His dilemma had never been plainer. She liked him for his goodness, it was the best thing he had going for him, and by definition goodness meant not having her.

“I’m not so good,” he said. “I’m like you—I did the easy thing. I married, I had kids, I took a job in the suburbs, and it’s made me nothing but unhappy. My marriage is a disaster. Marion sleeps in a different room—we barely speak—and my children don’t respect me. I’m a failure as a father, worse than a failure as a husband. I’m more of a jerk than you may think.”

Frances shook her head. “That only makes me feel worse.”

“How so?”

She stood up and stepped around him. “I never should have flirted with you.”

“Just give me a chance,” he said, jumping to his feet. “At least come to Arizona. There’s a spirituality in the air, in the people. It changed my life—it could change yours, too.”

“Yeah, that was another mistake. Trying to make you go there with me.”

“Not at all. If it weren’t for you, I might never have patched things up with Rick. You did a great thing for me. You’ve been such a bright star in my life—I don’t know what’s happened to you.”

“Nothing’s happened. It was only dreading this conversation—having to disappoint you. I’ll be fine as soon as I can close the door again.”

By way of illustration, she moved toward the door, and Russ couldn’t stop her. He was utterly impotent. All at once, he was seized by a hatred so intense he could have strangled her. She was insensitive and self-adoring, a careless trampler of records, a casual crusher of hearts.

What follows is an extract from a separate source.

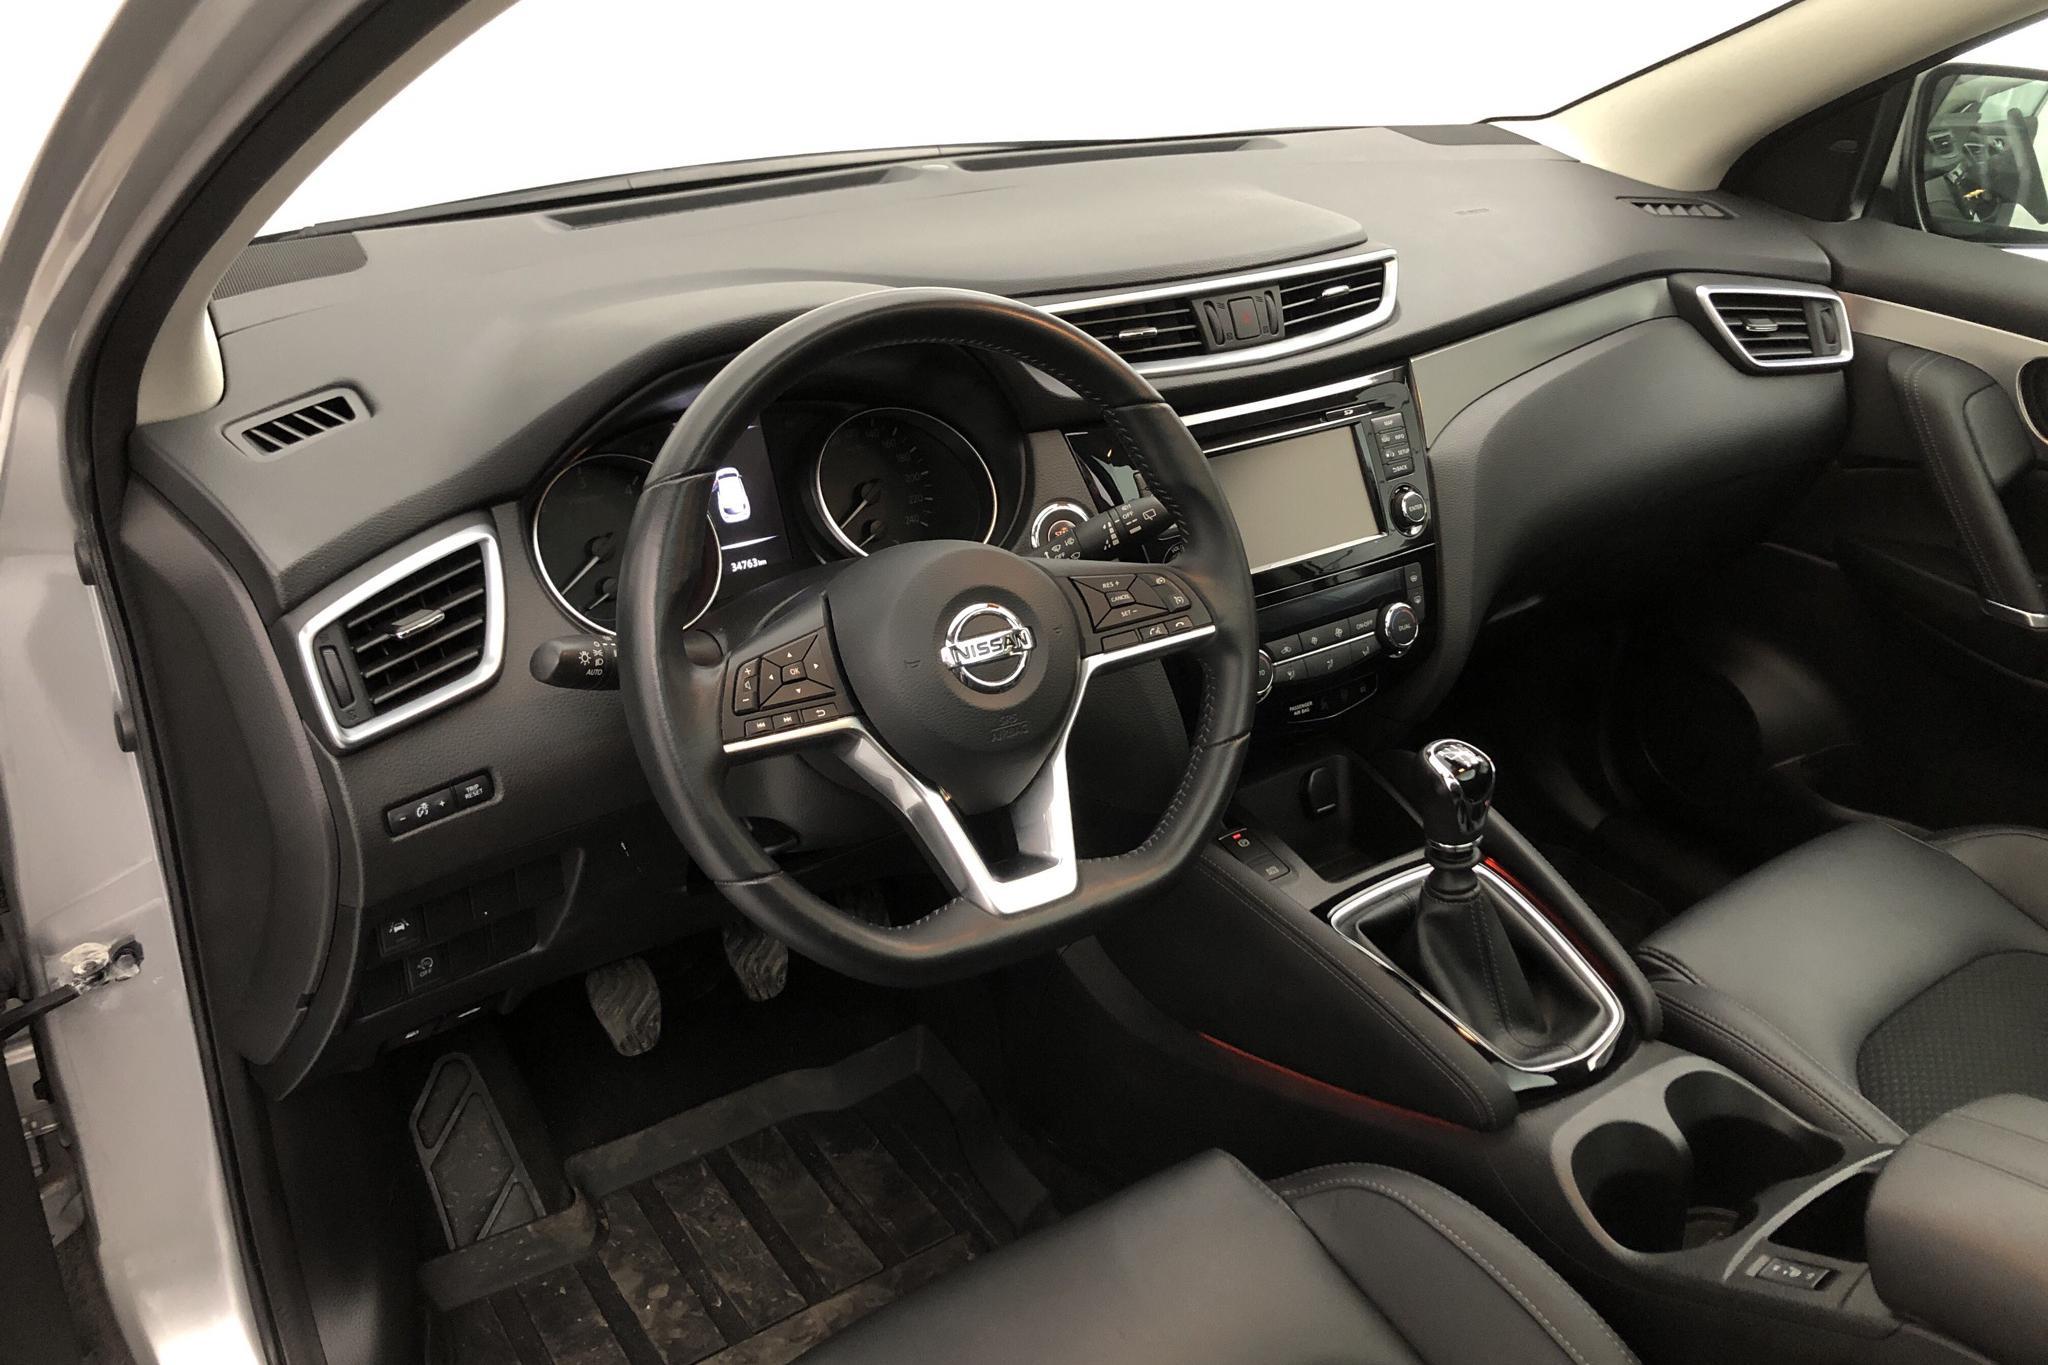 Nissan Qashqai 1.5 dCi (110hk) - 3 476 mil - Manuell - silver - 2018

“That’s bullshit,” he said. “Everything you say is bullshit. You’re only running away because you’re too chicken to face the goodness in your heart, too chicken to take responsibility. I don’t believe that disengaging from the world is going to make you happy. But if that’s the miserable life you want, we don’t need you in the circle. We don’t need you in Arizona. If you don’t have the guts to honor your commitments, I say good riddance.”

His emotion was authentic, but to express it so directly was a Crossroads thing. He sounded like Rick Ambrose in confrontation mode.

“I mean it,” he said. “Get the hell out of here. I don’t want to see you again.”

“I guess I deserve that.”

“Fuck deserving. You’re a mess of phony self-reproach. It makes me sick.”

“Wow. Ouch.”

“Just leave. You really are a disappointment.”

He hardly knew what he was saying, but in sounding like Ambrose he felt some of the power that Ambrose must have felt all the time. As if, however momentarily, the Lord was with him. Frances looked at him with a new kind of interest.

“I like your honesty,” she said.

“I don’t give a damn what you like. Just, on your way out, tell Rick you’re not going to Arizona.”

“Unless I decide to go. Wouldn’t that be a surprise?”

“This isn’t a game. Either you’re going or you’re not.”